Both Joseph and Mary were visited by the Angel Gabriel at the time of Jesus’ conception. Mary had received a prophetic word from Elizabeth before Jesus was born, and both Joseph and Mary heard the prophetic words of Anna and Simeon when 40 day old Jesus was dedicated. Since Jesus’ birth Joseph and Mary had an ordinary family life, which this event caused them reexamine.
When Jesus returned to Nazareth with his parents, Mary treasured these things in her heart (v. 51) along with the visit of the shepherds (v. 19) where she also treasured the angelic and prophetic words spoken about Jesus. I’m sure she pondered them when she stood at the cross in John 19:25 and prayed with the witnesses to Jesus’ resurrection in Acts 1:14. Not understanding 12 year old Jesus’ words about being in his Father’s house was not a failure of faith but trying to make sense of all she treasured in her heart.
At the end of the infancy narrative, Luke wrote, “The child grew and became strong, filled with wisdom; and the favor of God was upon him.” (v. 40) As an infant in the manger, Jesus was not consciously aware of his unique divine and human nature. Luke shows that Jesus at 12 he was becoming aware of being God incognito who would bring many siblings into his Father’s house. Luke suggests that awareness kept growing when he wrote that “Jesus increased in wisdom and in years and in divine and human favor.” (v. 52)
The voice of the Father and the coming of the Spirit at Jesus’ baptism confirmed this as he began his ministry.
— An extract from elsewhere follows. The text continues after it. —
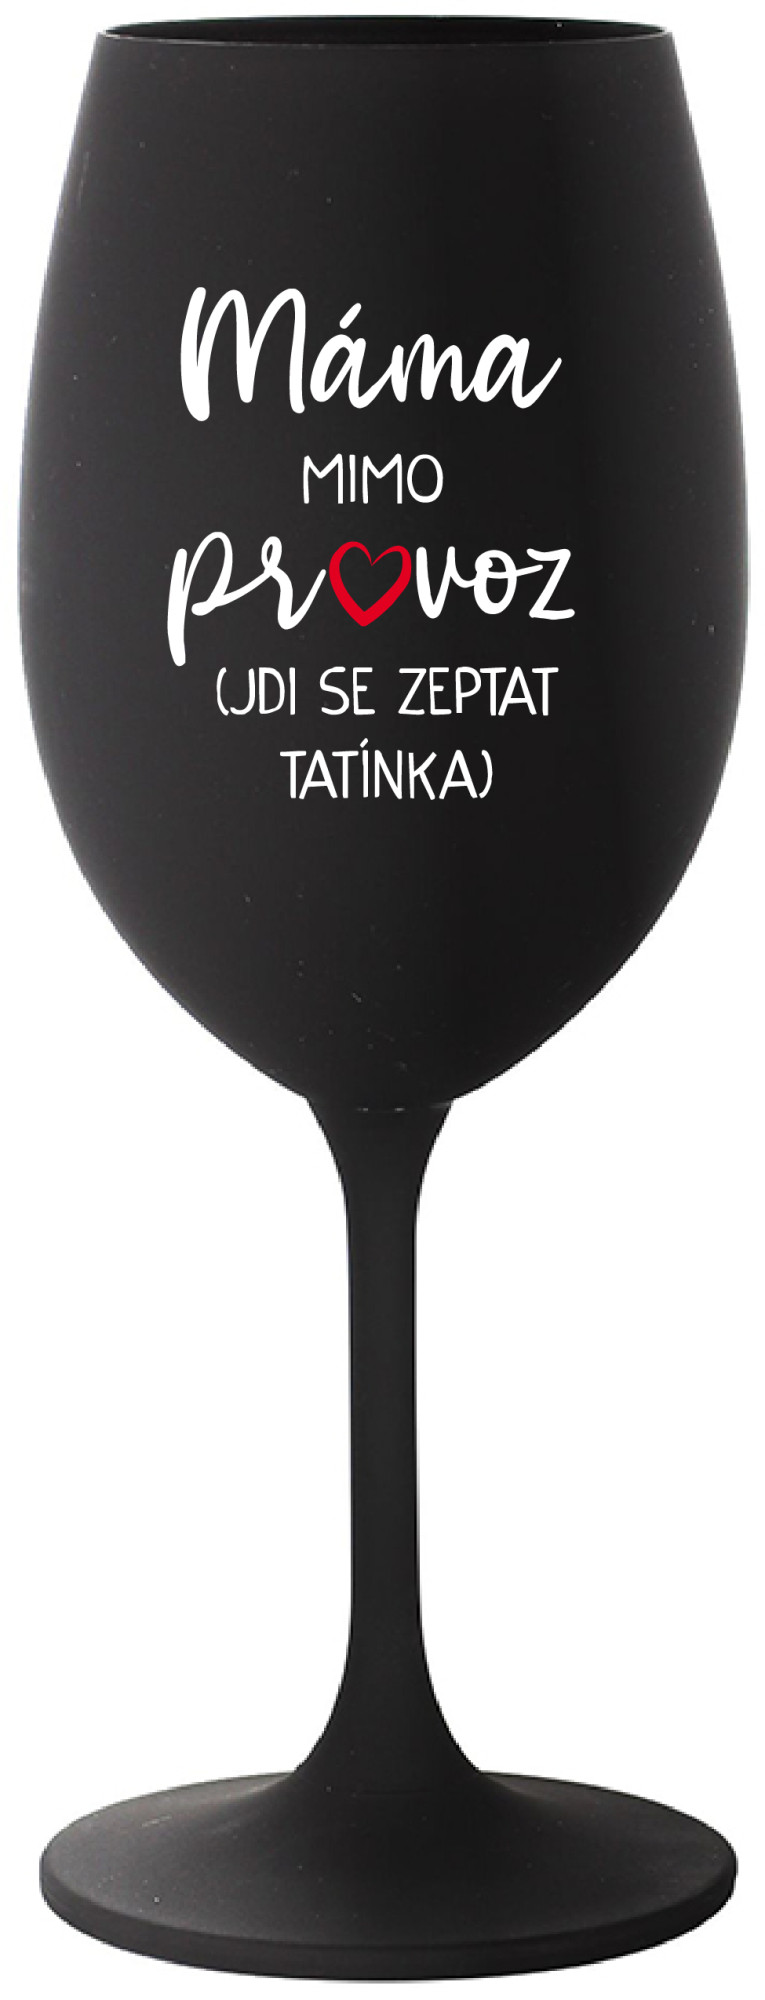 MÁMA MIMO PROVOZ (JDI SE ZEPTAT TATÍNKA) - černá sklenice na víno 350 ml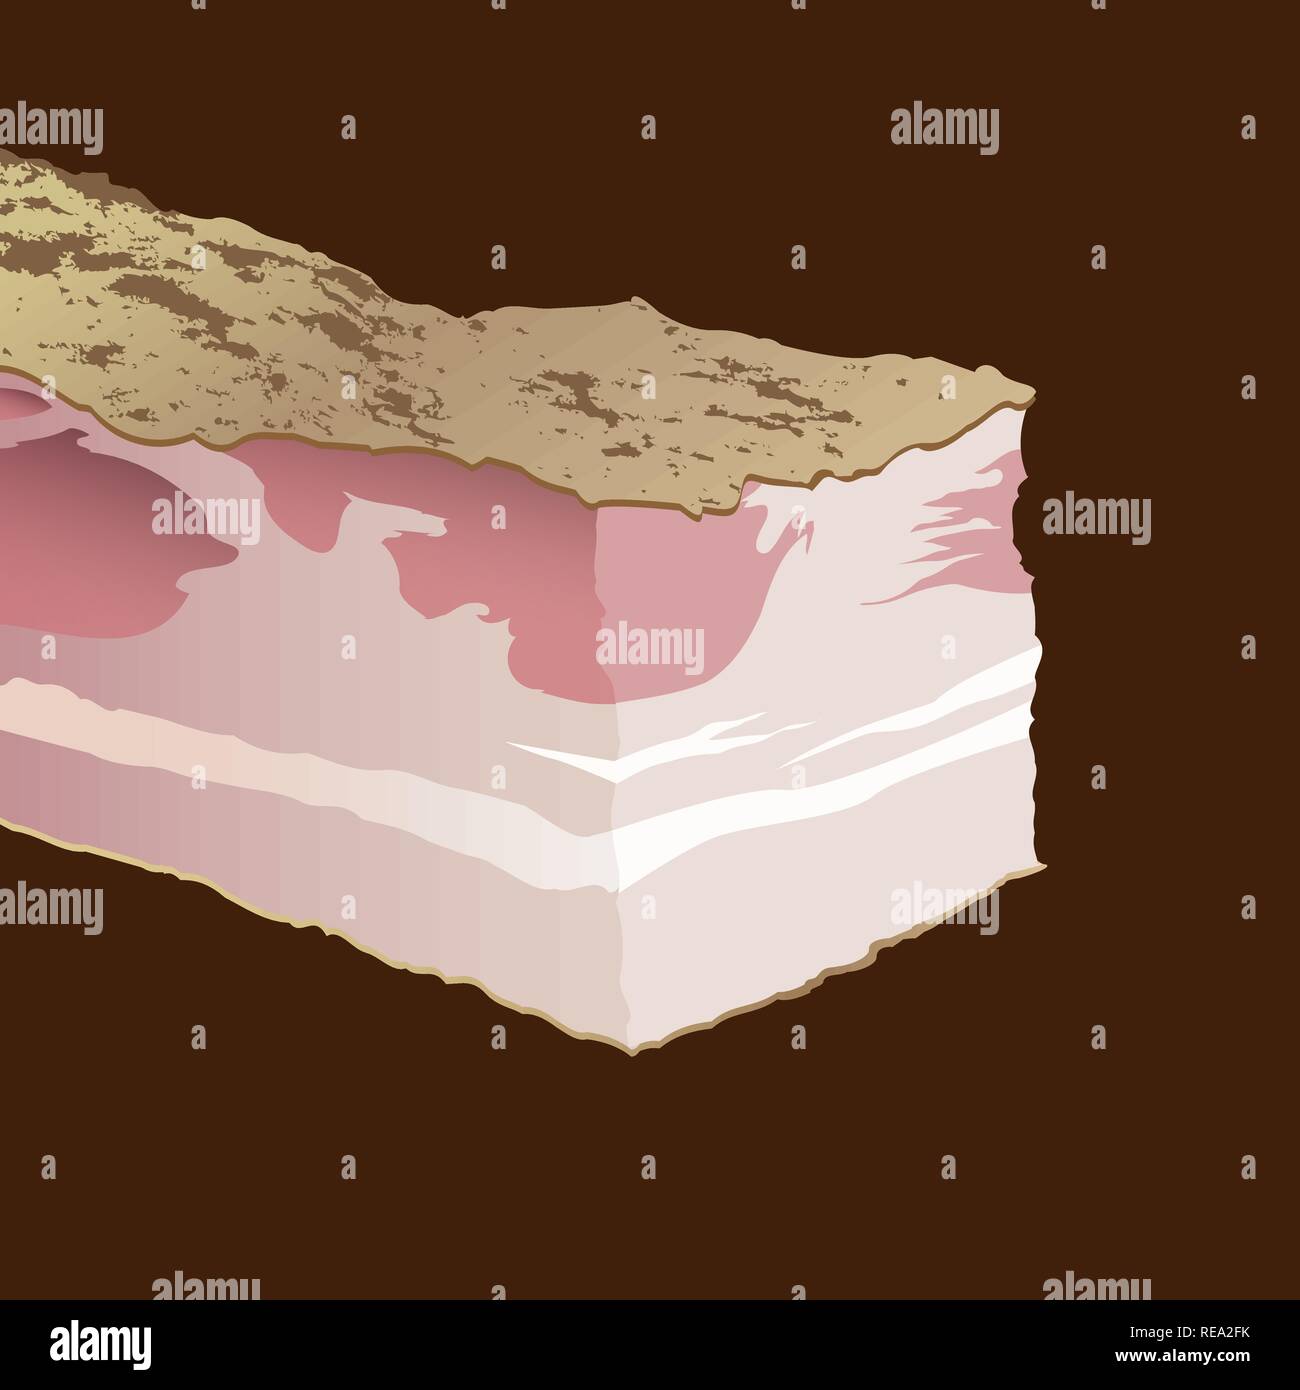 Ferienaufenthalt von rohem Schweinefleisch fetten Speck auf einem braunen Hintergrund Stock Vektor

Despite some pious art, at 12 Jesus was not teaching in the Temple. He was listening and asking questions. The amazement of those who heard him was at how well he entered into the rabbinic model of answering questions with deeper questions. Jesus was learning and growing.
When Jesus said, “Did you not know I must be in my Father’s house?” (v. 49) he was an ordinary 12 year old oblivious to his parents’ anxiety, and at the same time affirming his awareness of his relationship with God.
How can we in the 21st century recognize God incognito in Jesus as his siblings in our Father’s house?
As we meet Jesus in the Gospels, we can easily be amazed at his miraculous power and think of him as the big brother who gets our Father to indulge us.
But as we ponder more deeply God incognito hidden in the ordinariness of Jesus, we will necessarily puzzle and wrestle with the implications of the creator of the universe entering our entirely ordinary lives in Jesus.
“In my Father’s house” is broad and sometimes translated “about my Father’s business.” By being about our Father’s business as the obvious, consuming reality of our lives and recognizing God incognito in our elder brother Jesus, we affirm that we are Jesus’ siblings, comfortable at home with him in our Father’s house.